Large Language Models#
Course Description#
This advanced course imparts a comprehensive understanding of Large Language Models (LLMs) with a focus on their architecture, application paradigms, and ethical implications. Structured over 15 weeks, the course is tailored for students with a background in machine learning and natural language processing. It features hands-on training, in-depth analysis of scholarly papers, a midterm examination, and a final project centering on the development of a practical LLM application.
Learning Goals#
Upon completing this course, students will be able to:
Understand the architectural intricacies of leading LLMs like BERT, T5, and GPT-3.
Utilize specialized techniques such as few-shot learning, prompt engineering, and in-context learning in LLMs.

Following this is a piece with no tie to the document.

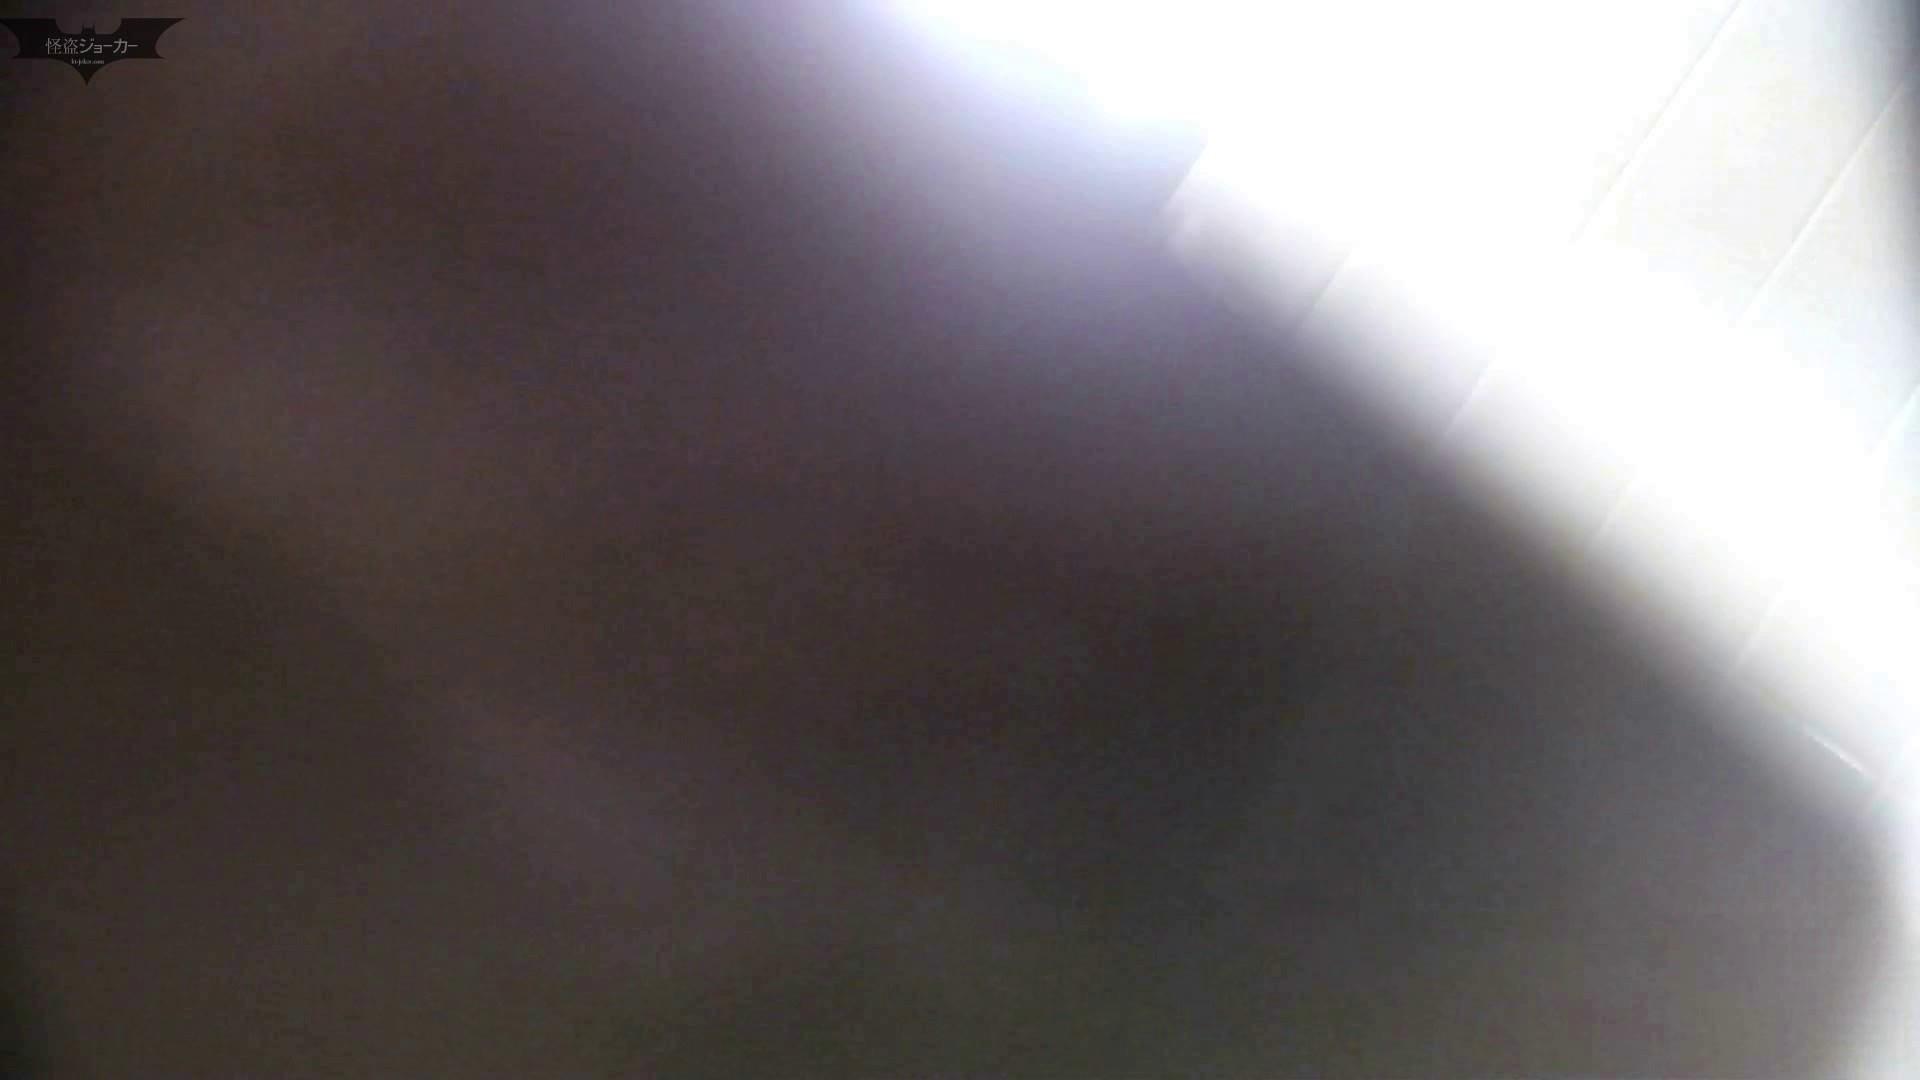 お銀さんの「洗面所突入レポート!!」 vol.53 冬到来!美女も到来! 美女のボディ | 洗面所  91PIX 69

Investigate and address ethical concerns including bias and data privacy.
Implement a real-world LLM application as part of the final project.
Critically evaluate peer projects through a formal review process.
Grading#
Participation: 10%
Midterm Exam: 25%
Peer Reviews of Final Project: 5%
Final Project: 60%
Final Project#
The final project mandates students to create a real-world application using a large language model. The project involves data pre-processing, model training/fine-tuning, evaluation, and documentation. Students will also participate in peer reviews to critically evaluate the projects of their peers. The deliverables include a functional LLM application and a research paper.